A basketball coach will select the members of a five-player team from among 9 players, including John and Peter. If the five players are chosen at random, what is the probability that the coach chooses a team that includes both John and Peter?

Re: MGMAT Probability [#permalink]
17 Aug 2010, 13:11

you can but that will require more cases and will be time consuming.

straight forward way is to group J and P as always present on the team and as order does not matter so we just need to find the total number of ways to select rest three players = 7c3

total number of ways of selecting 5 players out of 9 = 9c5

Re: MGMAT Probability [#permalink]
17 Aug 2010, 22:22

ingoditrust wrote:

you can but that will require more cases and will be time consuming.

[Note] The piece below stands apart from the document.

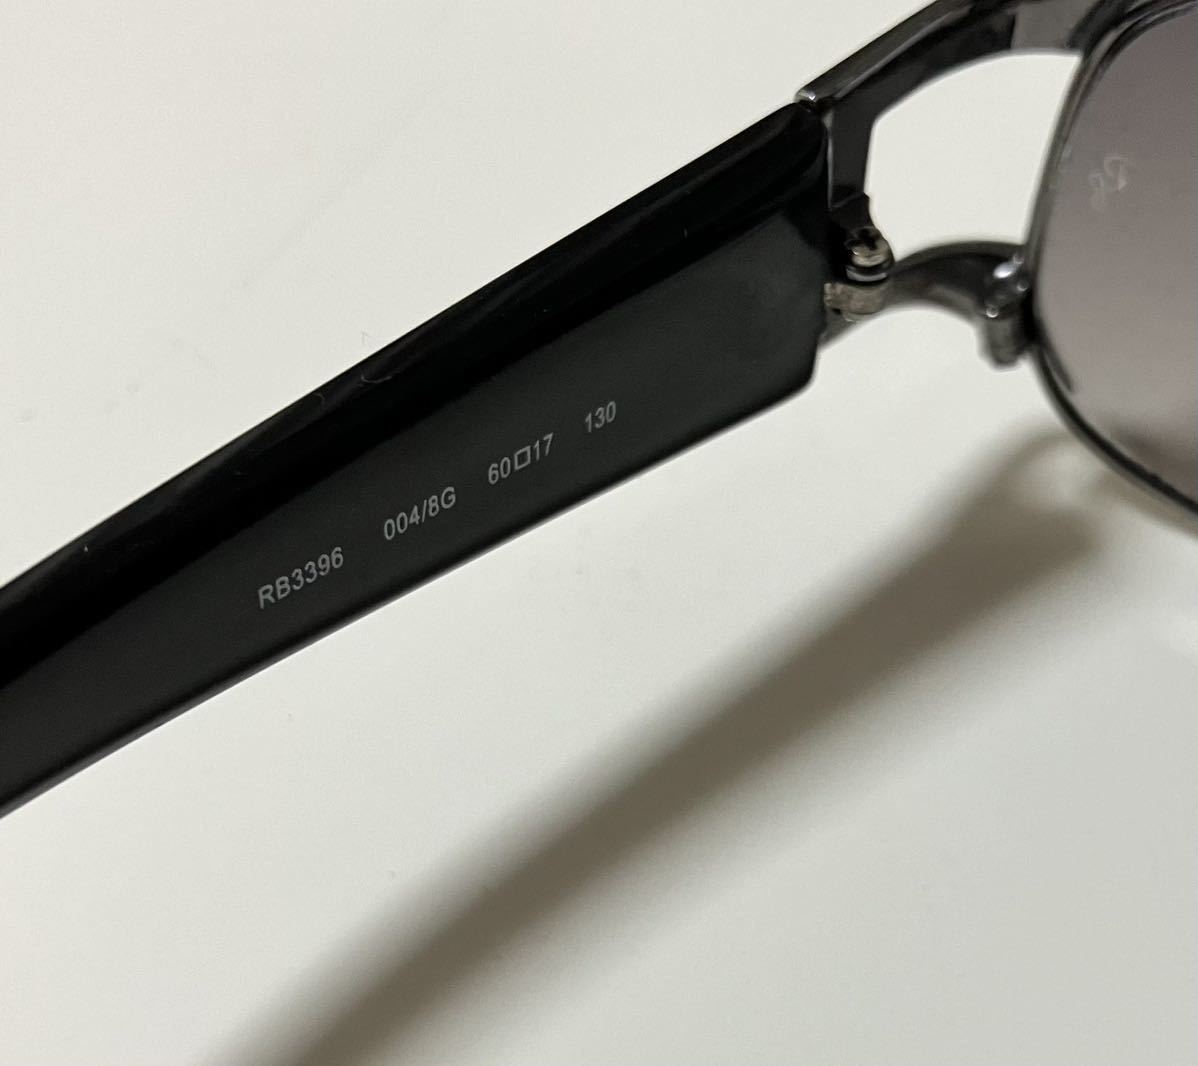  RayBan Ray-Ban солнцезащитные очки RB3396-004/8G

probability = 7c3/9c5 = 5/18

Look at my approach - it's easy, nice and not at all time consuming. But I'm somehow getting the wrong answer I decided to find the probability of not getting these two guys in the choosen group and then substruct it from 1. What's wrong with my approach?

Re: MGMAT Probability [#permalink]
11 May 2014, 16:30

I'm not sure if I'm misunderstanding the question but the way I read it, the question states that "what is the probability that jon and peter" will be selected. Correct?

If that's the case, why isn't this method working:

(5c2)/(5c9) - I need to pick J and P from a team of 5 and the number of options for the teams are 5 out of 9 players. Why is that wrong?

Additionally, I tried the direct probability approach and that seemed to work out:

(2/9)(1/8)(5!/2!3!) - This implies that the prob of picking J or P is 2 out of 9, then only J or P is left so 1 out of 9 and then I could have picked them the 1st time, 2nd, 3rd etc...

This method seems to work but I actually have a question regarding the permutation part. It obviously doesn't matter if I pick John 1st, 2nd, 3rd etc...and the same goes for peter. If order doesn't matter, then why do I need to apply the permutation part of this?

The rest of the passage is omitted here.